»»

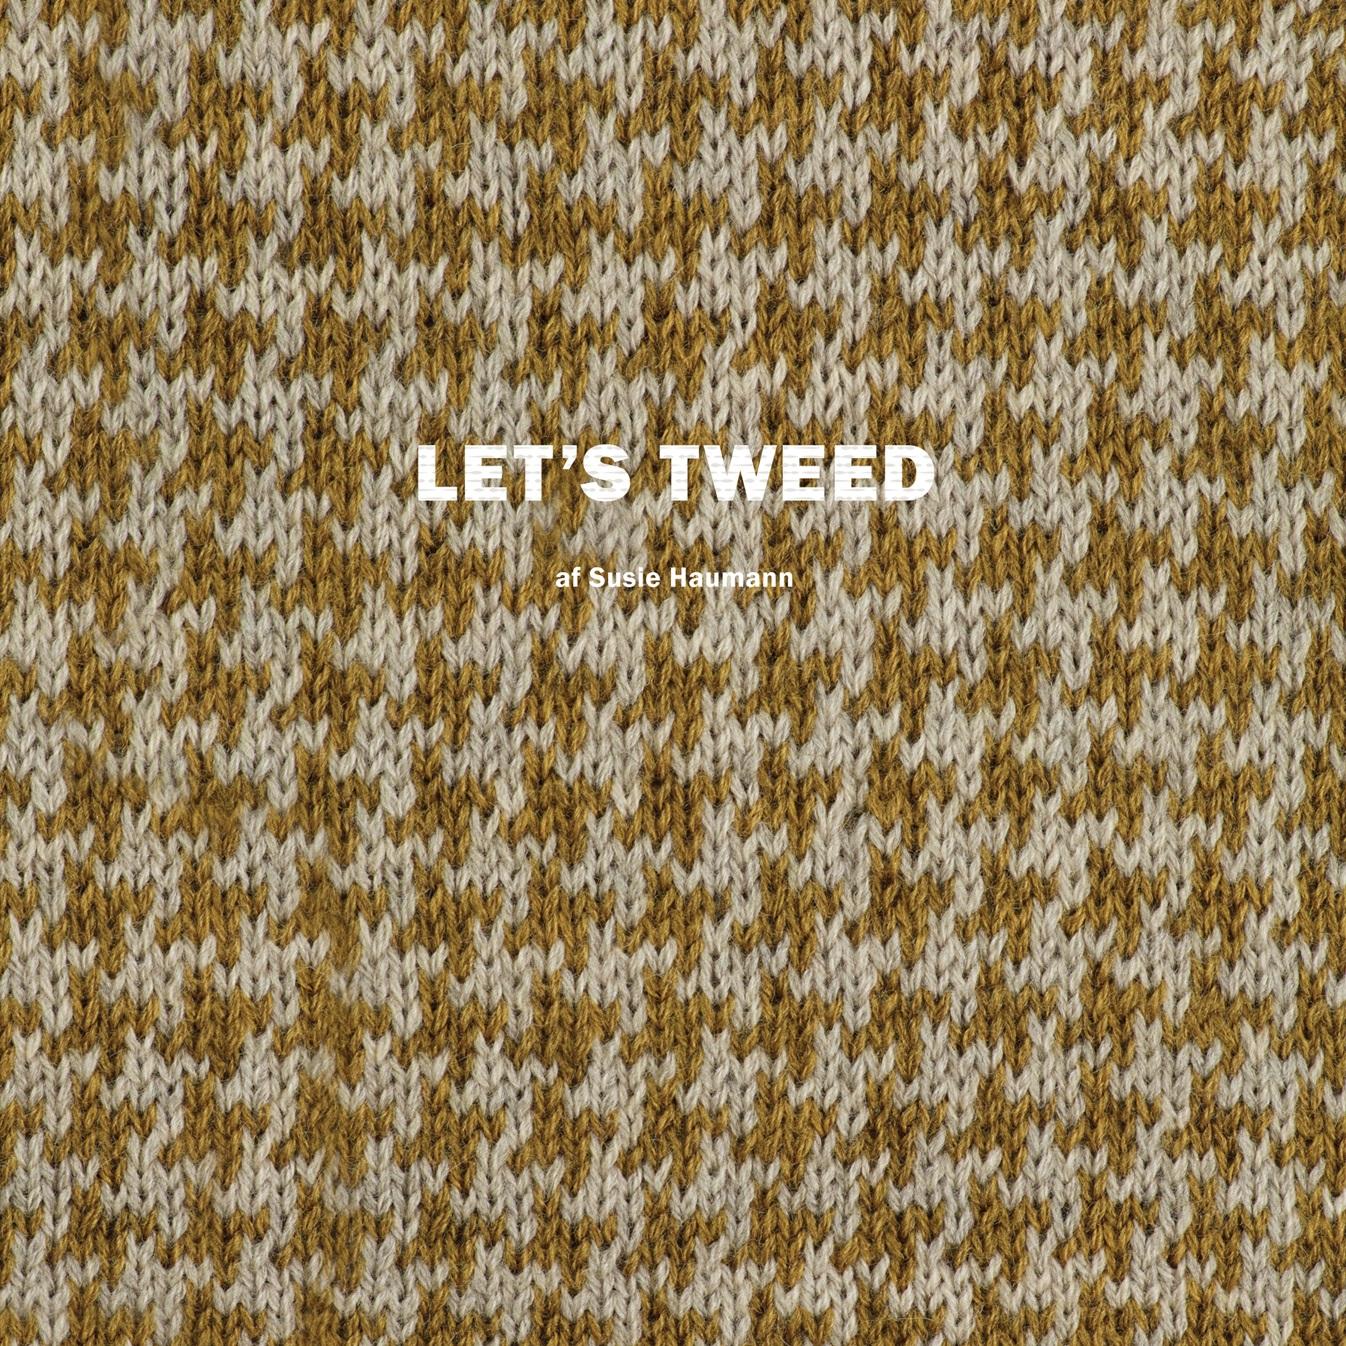 Let's tweed
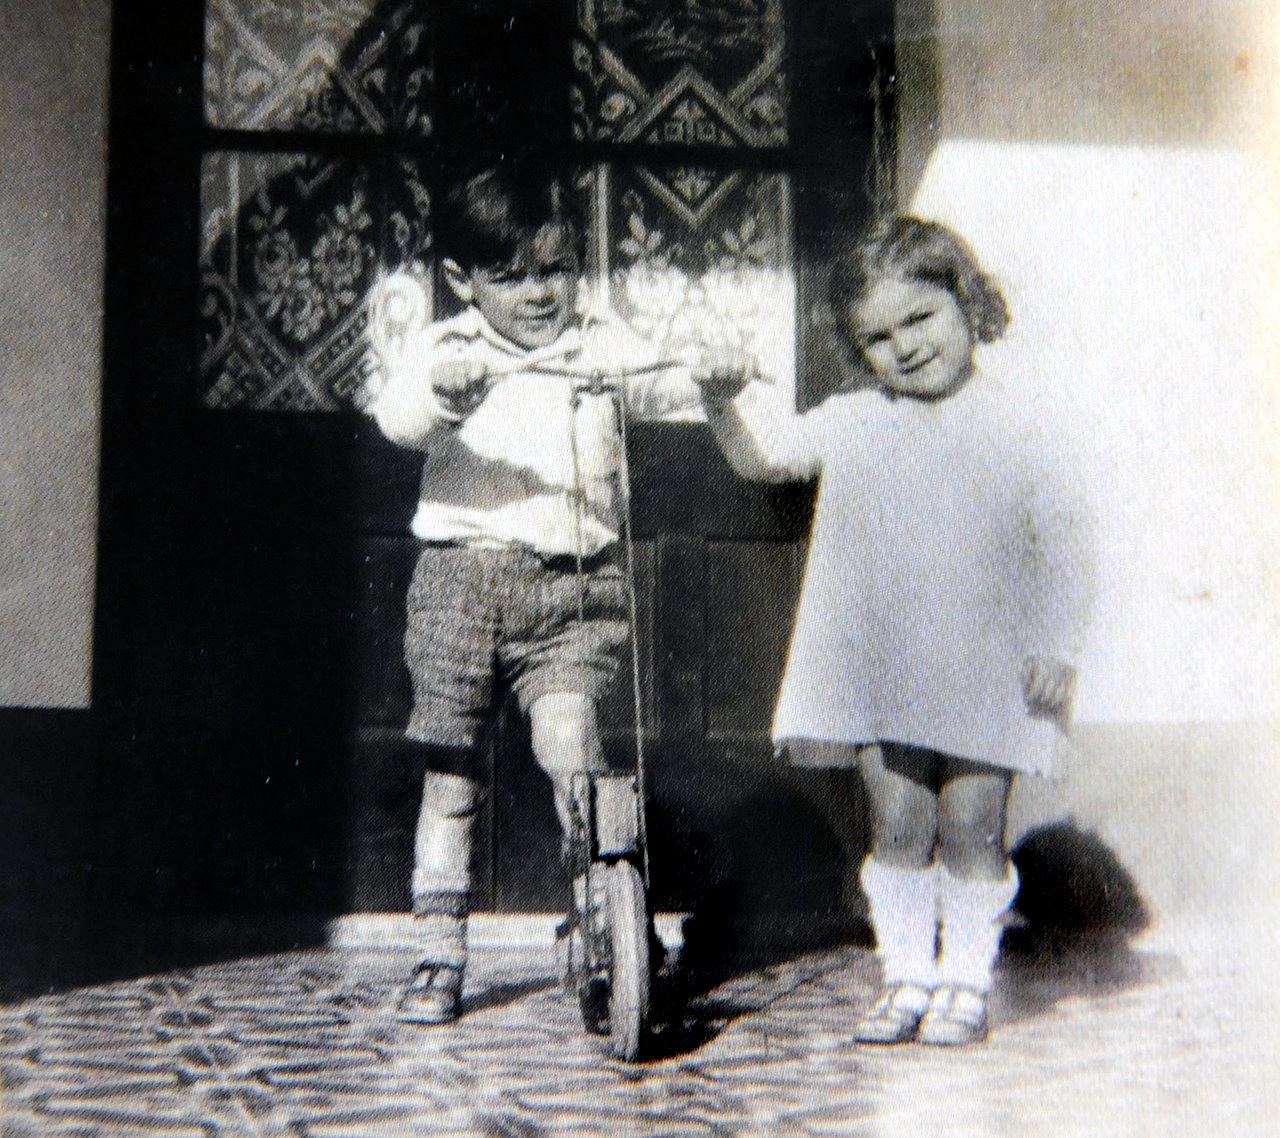 Первые два года Эрнесто не мог посещать школу и учился на дому (научился читать в четыре года), поск
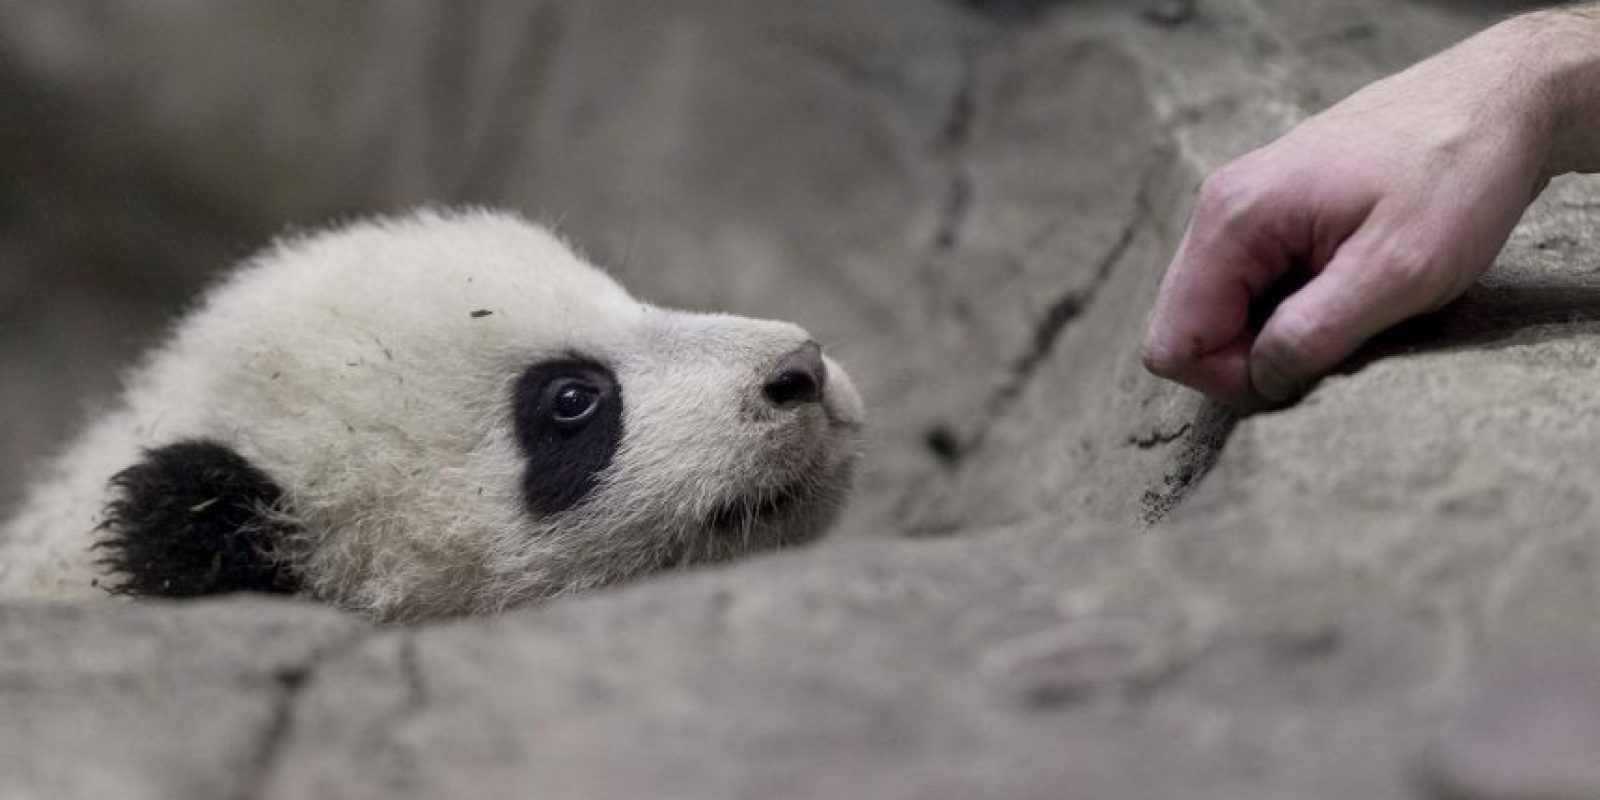 El hostigamiento a la vida silvestre incluye incomodidad para el animal causada por ruido o molestia física, compartió el sitio: Centro de Internet para la Gestión de Daños a la Fauna, Icwdm.org. Foto:Getty Images

««

Print the whole listing above once more, word for word, without its pictures.

 Let's tweed
 Первые два года Эрнесто не мог посещать школу и учился на дому (научился читать в четыре года), поск
 El hostigamiento a la vida silvestre incluye incomodidad para el animal causada por ruido o molestia física, compartió el sitio: Centro de Internet para la Gestión de Daños a la Fauna, Icwdm.org. Foto:Getty Images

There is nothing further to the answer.